Oh, natürlich darf man erwarten, dass eine Glaubensgemeinschaft elementare Glaubensparadigmen einfach so aufgibt, wenn diese ganz offensichtlich dem Grundgesetz zuwiderlaufen (ich
erwarte von der katholischen Kirche, der ich angehöre bspw. auch, dass sie ihre Haltung gegenüber homo- und bisexuellen Menschen endlich aufgibt) und das ist auch weiterhin kein Widerspruch gegen Artikel 4, aber ich glaube, das kann ich noch so oft schreiben...
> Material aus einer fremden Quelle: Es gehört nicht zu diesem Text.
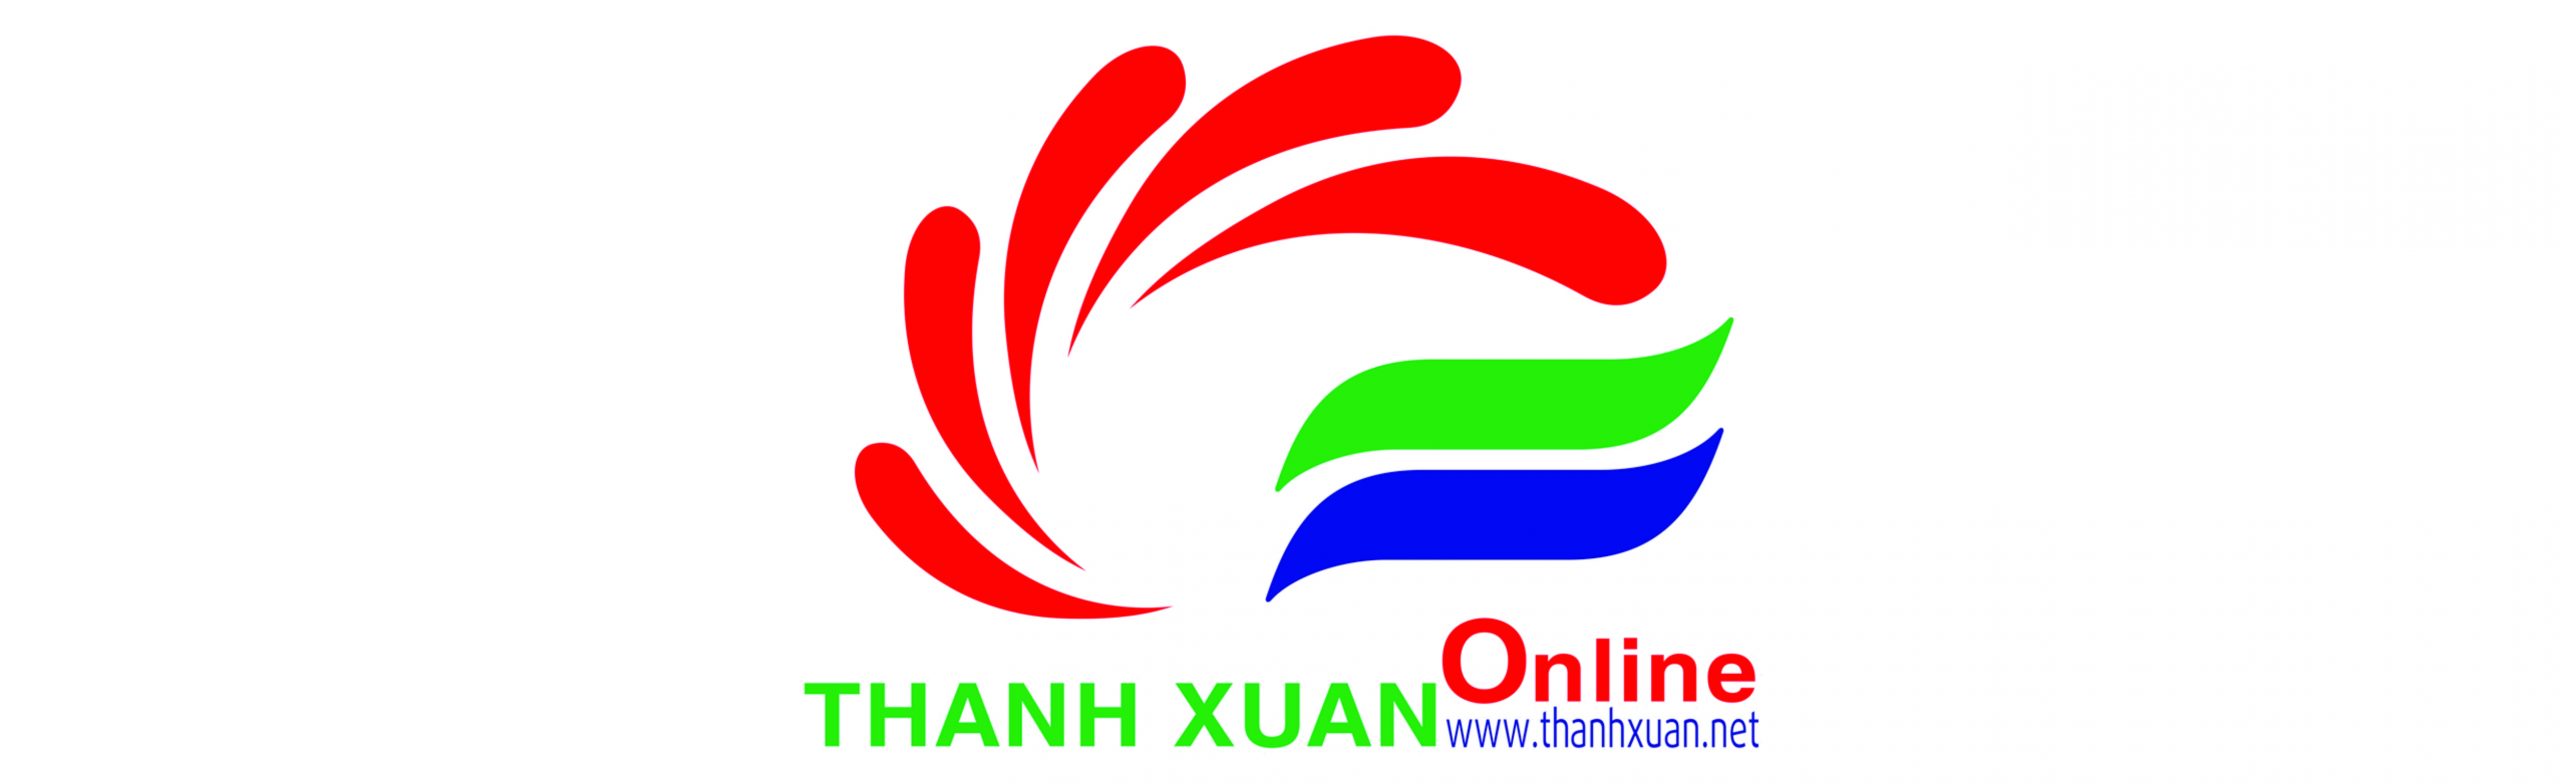 Thanh Xuân Online
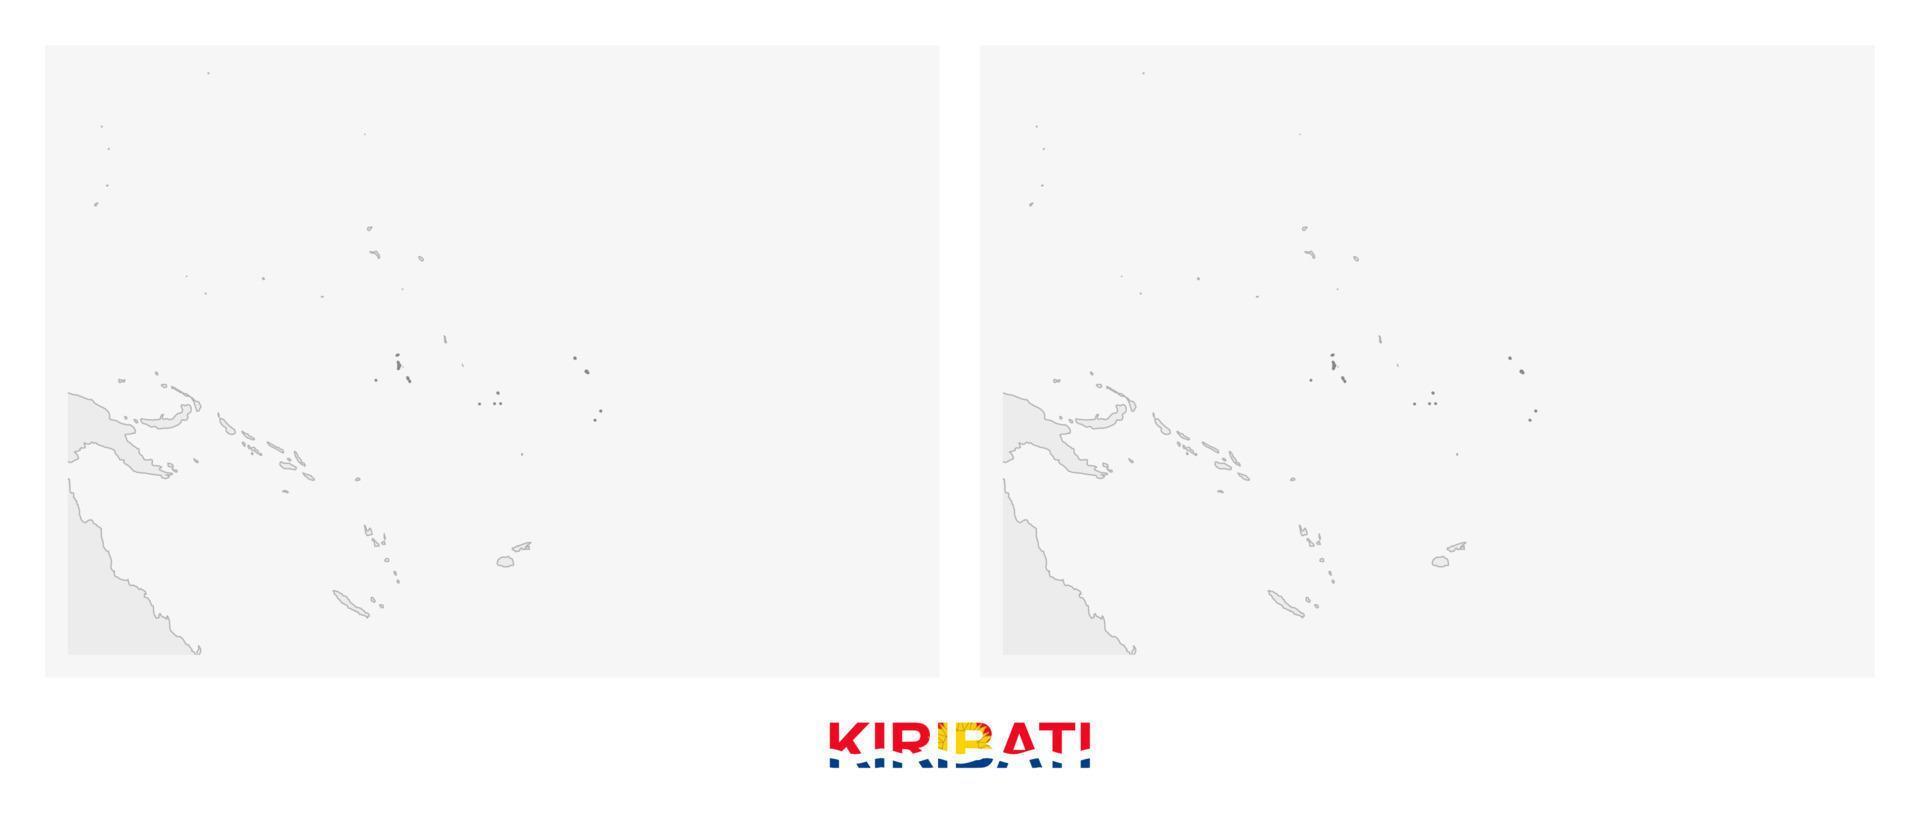 två versioner av de Karta av kiribati, med de flagga av kiribati och markerad i mörk grå. vektor

- Kein Mensch muss seine Weltanschauung oder seinen Glauben anpassen.
Muss er nicht, aber er darf Dritte mit seiner Weltanschauung oder seinem Glauben nicht in ihren Grundrechten verletzten und genau das darf man und muss man auch von jedem Menschen erwarten dürfen.
Für jeden anderen gilt wohl, dass man einfach nichts von einer unscharf umrissenen Gruppe erwarten darf, weil dies ja sonst unsere Gesetze und die daran geknüpfte Rechtsprechung vollkommen obsolet machen würde.
Also, darf ich von meinen Mitbürgern nicht erwarten, dass sie sich an Grundgesetz etc. pp. halten, weil ich mit dieser Erwartungshaltung unsere Gesetze und die Rechtsprechung quasi ad absurdum führe?